How can I mint (borrow) with Lybra?
To mint (borrow) eUSD, you must deposit a certain amount of collateral (ETH or supported LST's) through Lybra.
Once deposited, users can then mint eUSD and peUSD against your collateral with a minimum collateral ratio of 150%.
When do I need to pay my debt back?
Debts issued by Lybra Protocol do not have a repayment schedule. You can repay your debt at any time, so long as you maintain a safe collateral rate.
What is Liquidation?
To ensure that the entire stablecoin supply remains fully backed by collateral assets, once your collateral rate falls below the safe collateral rate, you risk being liquidated at any time.
Borrowers (minters) of eUSD with a collateral rate less than 150% of the minimum collateral rate (125% for peUSD borrowers) must be liquidated to ensure that the eUSD stablecoin is fully backed by the collateral asset.
The borrower's (minter's) debt is reduced, and liquidators receive the collateral asset in exchange for paying off the debt.
After liquidation, the debt owed by the borrower (minter) has been paid, and the value of the remaining collateral equals 110% of the reduced debt.
Can I withdraw my deposited collateral whenever I want?
As a general rule, you can withdraw your deposit at any time. There is no minimum lockup duration. A 0.1% fee will be imposed on withdrawals made within three days of deposit. This measure is in place to prevent short-term deposits and withdrawals designed to exploit the interest from rebasing yield from rebase LSTs.
I'm a holder of USDT, USDC, FRAX, and/or other stablecoins; how can I get stable interest with Lybra?
It's easy! Convert your held assets to eUSD through any DEX. As long as you're holding eUSD, stable interest is calculated and distributed by Lybra Protocol. You may also want to convert your eUSD to peUSD for wider DeFi purposes, your accrued eUSD yield will be realized instantly when converting back.

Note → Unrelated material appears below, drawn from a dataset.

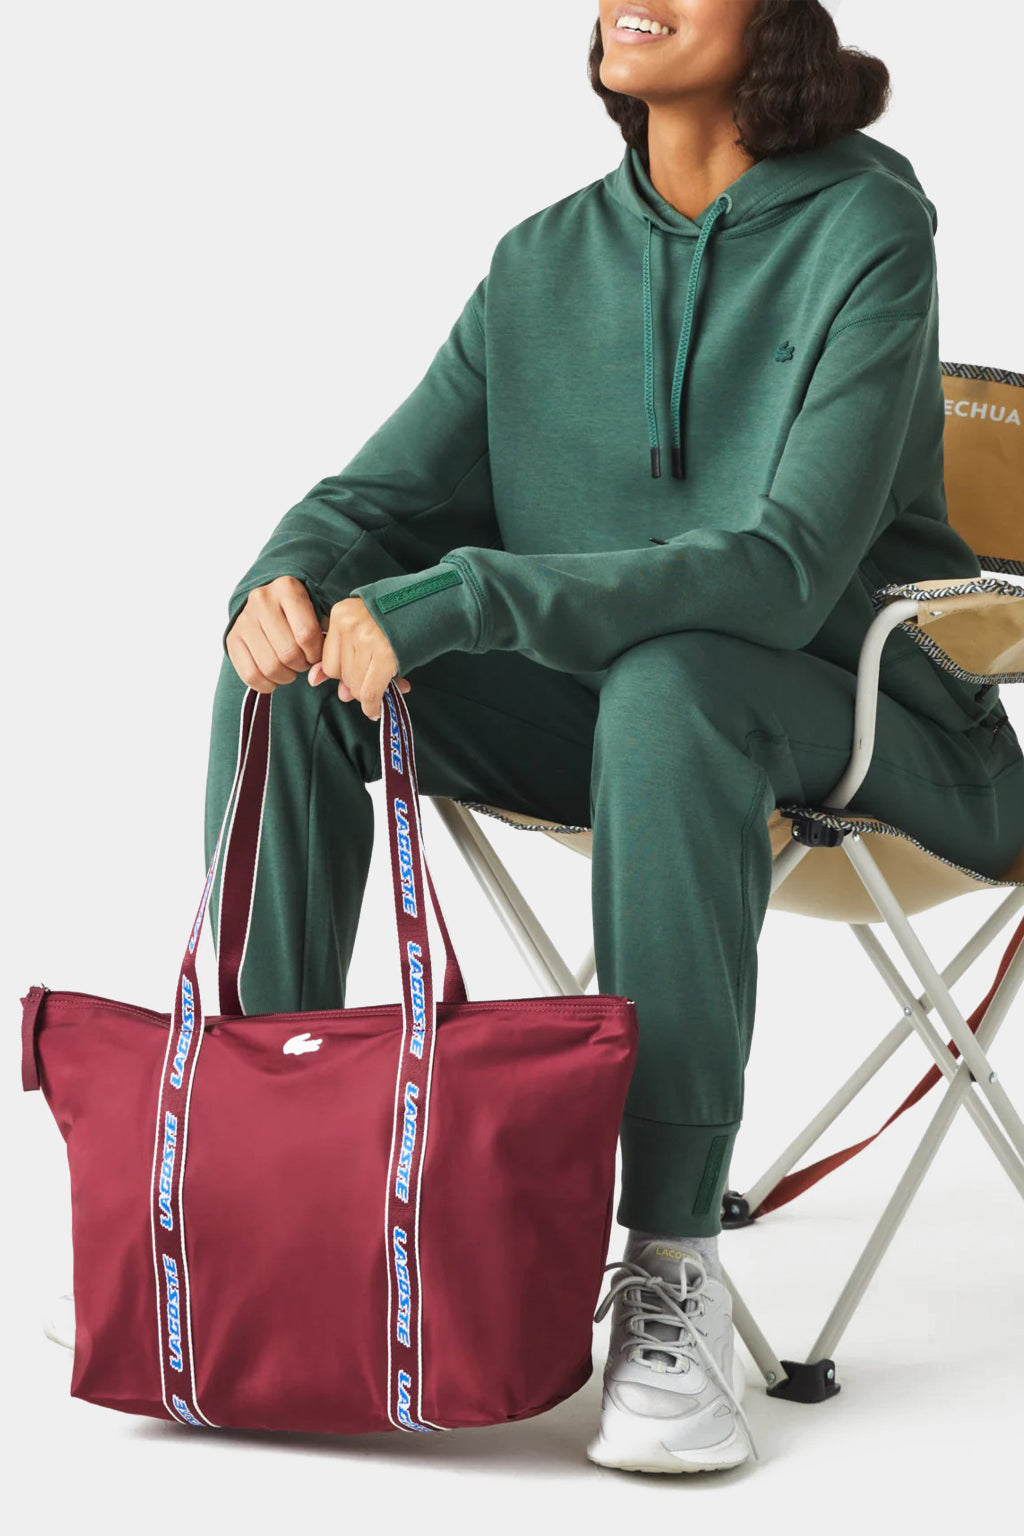 Lacoste - Color Block Branded Tote Bag

What oracle are you using to determine the price of ETH?
Chainlink
I used "Redeem eUSD", but the debt on "Repay eUSD" remained the same. Why?
Redeem eUSD and Repay eUSD are two separate systems. Redeem eUSD is where you exchange your eUSD for a 1:1 USD worth of ETH/stETH. You would want to use this function when there are arbitrage opportunities. For example, when eUSD is below $1 USD, you can buy it on the market and redeem it for ETH or other rebasing LSTs. By doing so, you make arbitrage gains, and as more people buy eUSD to redeem, it helps to re-peg the eUSD price to $1 USD.